再见,我的爱人
猪仙女
一
房间里烟雾缭绕,有点呛人,四周的台灯都关了,只有吊灯直照在麻将桌上。牌桌上熟练洗着牌的八只手臂显得白刺刺的,面孔都隐在了强光下,四个边说笑边打牌的女人都对彼此太熟悉了,不用看也能知道相互的表情。向爱仙觉得对面保静兰手上的钻戒发光刺目的光,不时象针一样扎着自己的眼睛,有点令人头痛。
向爱仙今晚手气极背,偶尔牌起来时好看点,却又被她打错牌,错过良机。接连点了四次炮,被上家温月玲嘲笑她“炮手”。 下家郑先莉跟爱仙关系最好,此刻直抱怨她乱打牌。郑先莉旁边有个才搭上两个月的年轻小生给她“抱膀子”,不时给几个姐姐点烟倒水伺候。
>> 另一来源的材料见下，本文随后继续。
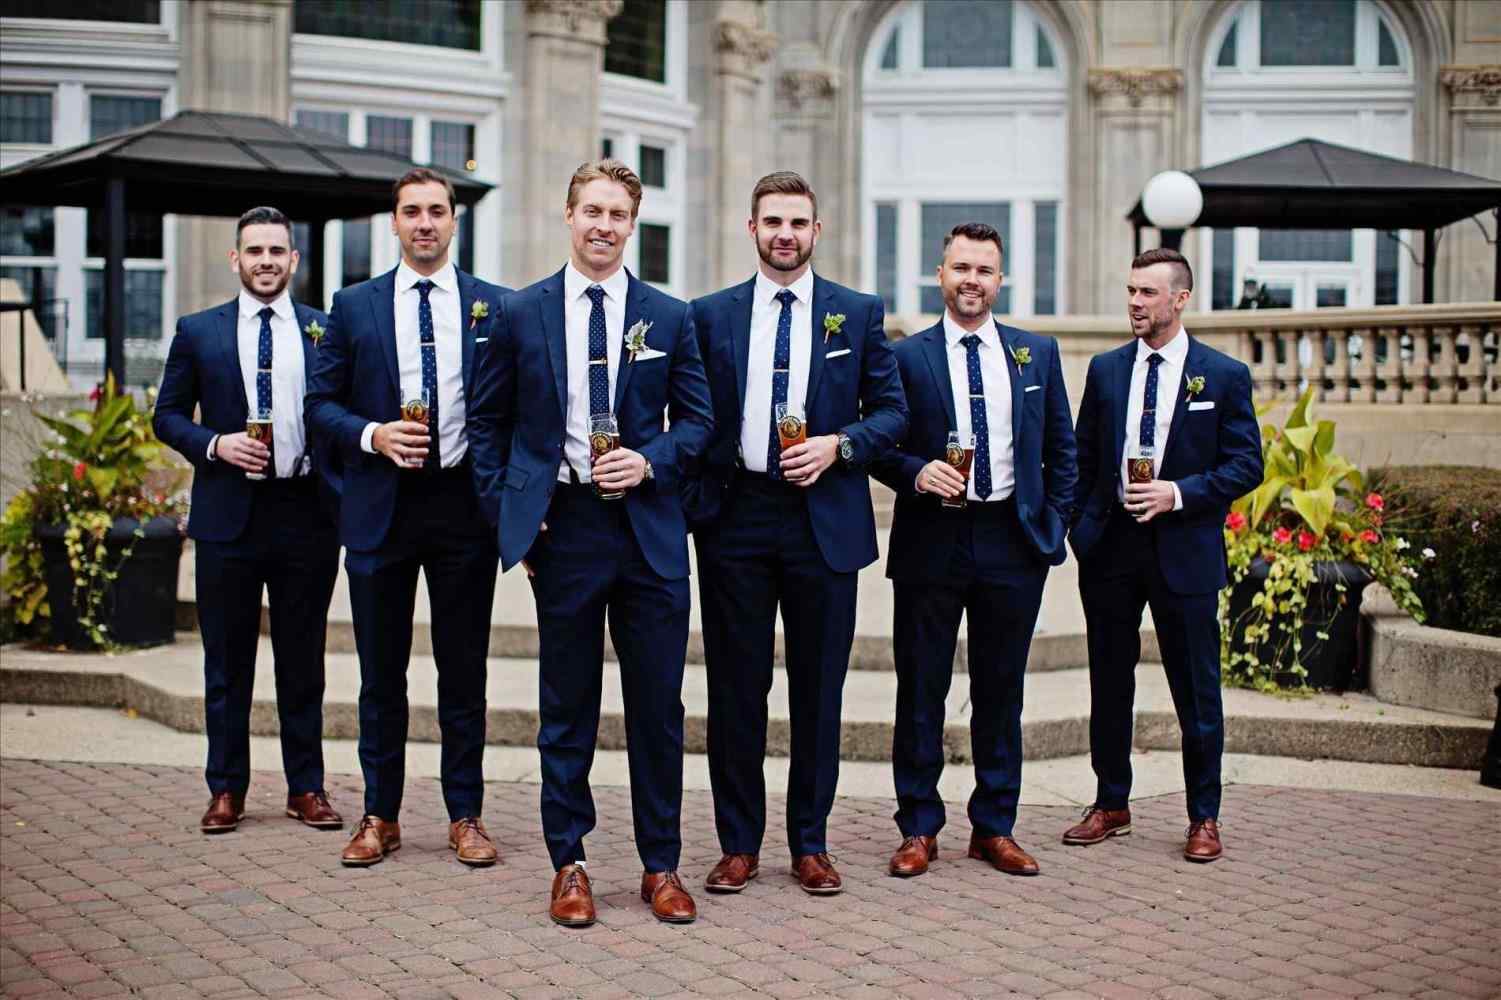 groomsmen-black-tuxedo-i-suit-ideas-like-this-style-wedding-rhmemmewebsite-green-shoesrhgreenweddingshoescom-grooms-groomsmen-black-tuxedo-green-wedding-shoesrhgreenweddingshoescom-in-classic.jpg

“情场失意,赌场得意。这话真没假!”郑先莉一边搓牌,一边叼着烟斜着瞄了瞄旁边,打情骂俏地说,“自打有了这个弟弟,我的赌运就不好!”男孩子连忙对望着笑纳了她的情意。
爱仙是知道的,这个男孩还不是图郑先莉的钱。不过到底是个大学生,看着倒还本分,话也不多,对于郑先莉的资助也满怀感激。大概这次能跟郑先莉这个急脾气处上一段时间吧!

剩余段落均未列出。